**TASK BRIEF:**
Lines to restate from the data below: from the one containing "Auroral forest by" to the one containing "Aquaus 360 Hand", both included. Give them again exactly, and only them.

**GIVEN DATA:**

┄┄┄┄┄┄

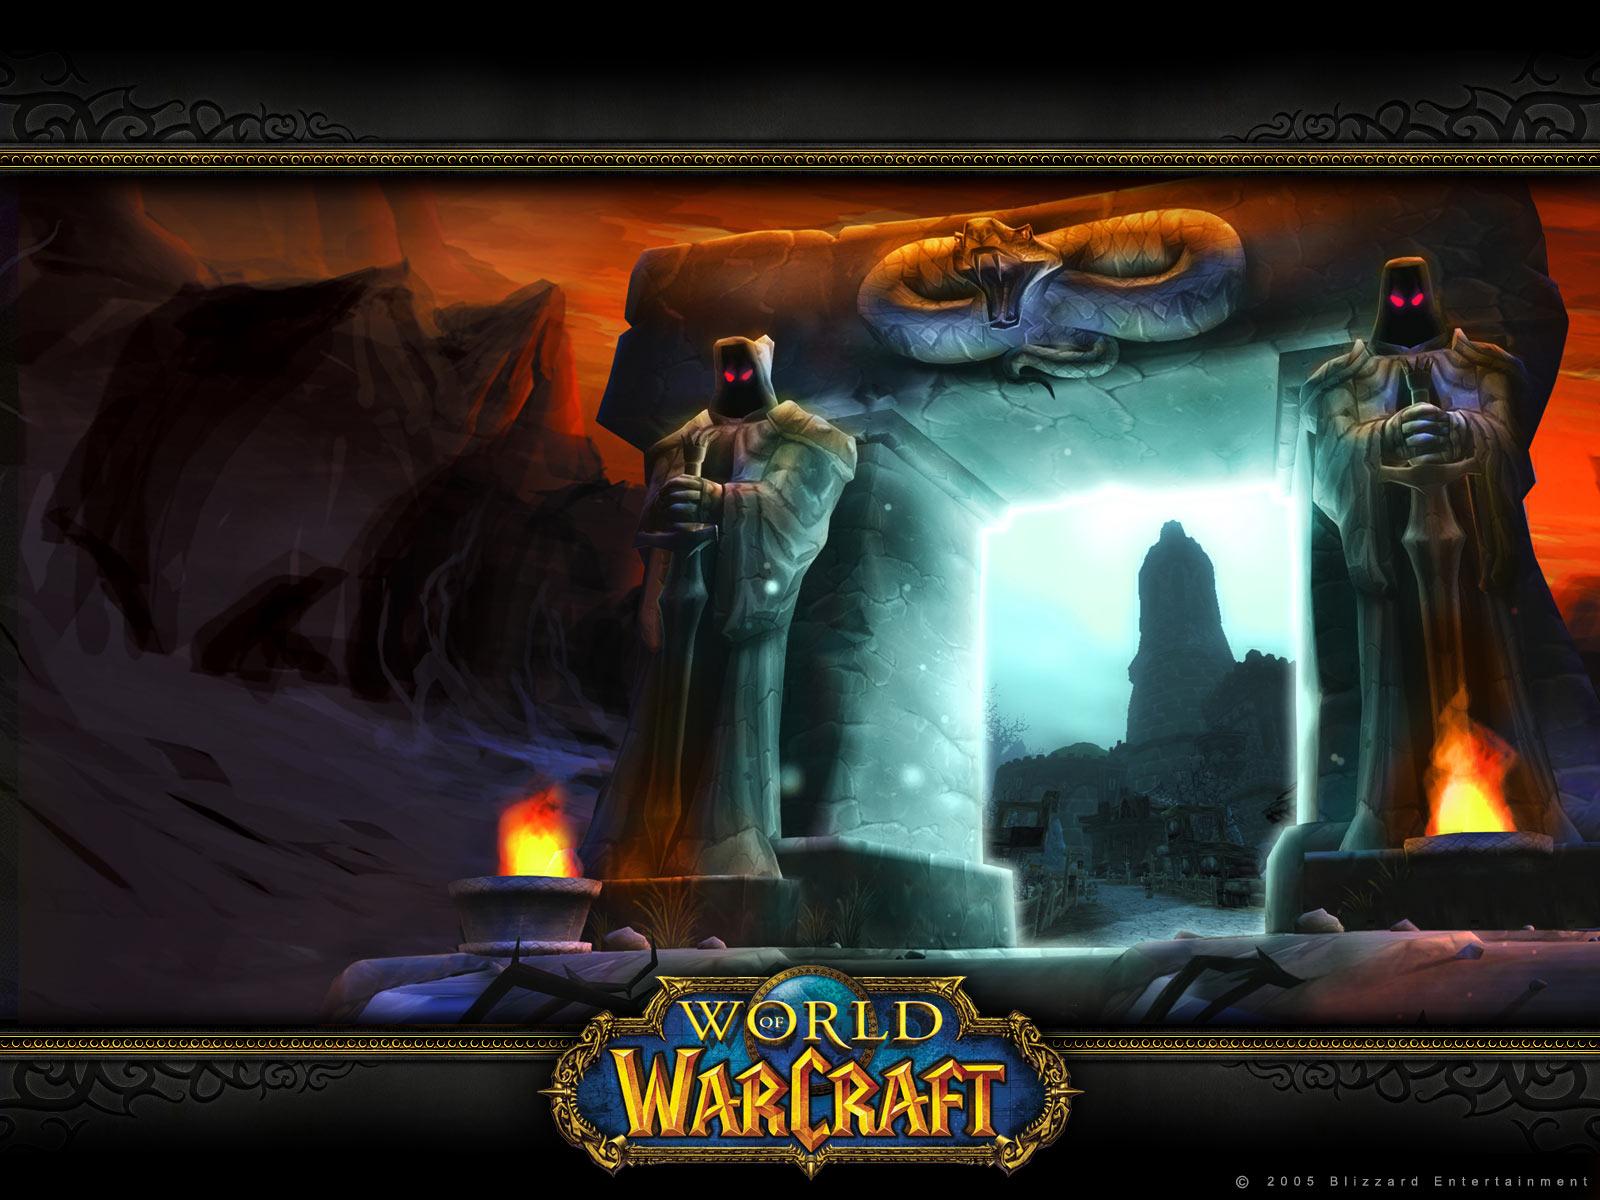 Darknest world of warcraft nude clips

┄┄┄┄┄┄

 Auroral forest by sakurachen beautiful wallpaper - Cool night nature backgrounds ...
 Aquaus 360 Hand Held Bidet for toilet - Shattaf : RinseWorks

┄┄┄┄┄┄

**RESPONSE FOR THIS EXERCISE:**
 Auroral forest by sakurachen beautiful wallpaper - Cool night nature backgrounds ...
 Aquaus 360 Hand Held Bidet for toilet - Shattaf : RinseWorks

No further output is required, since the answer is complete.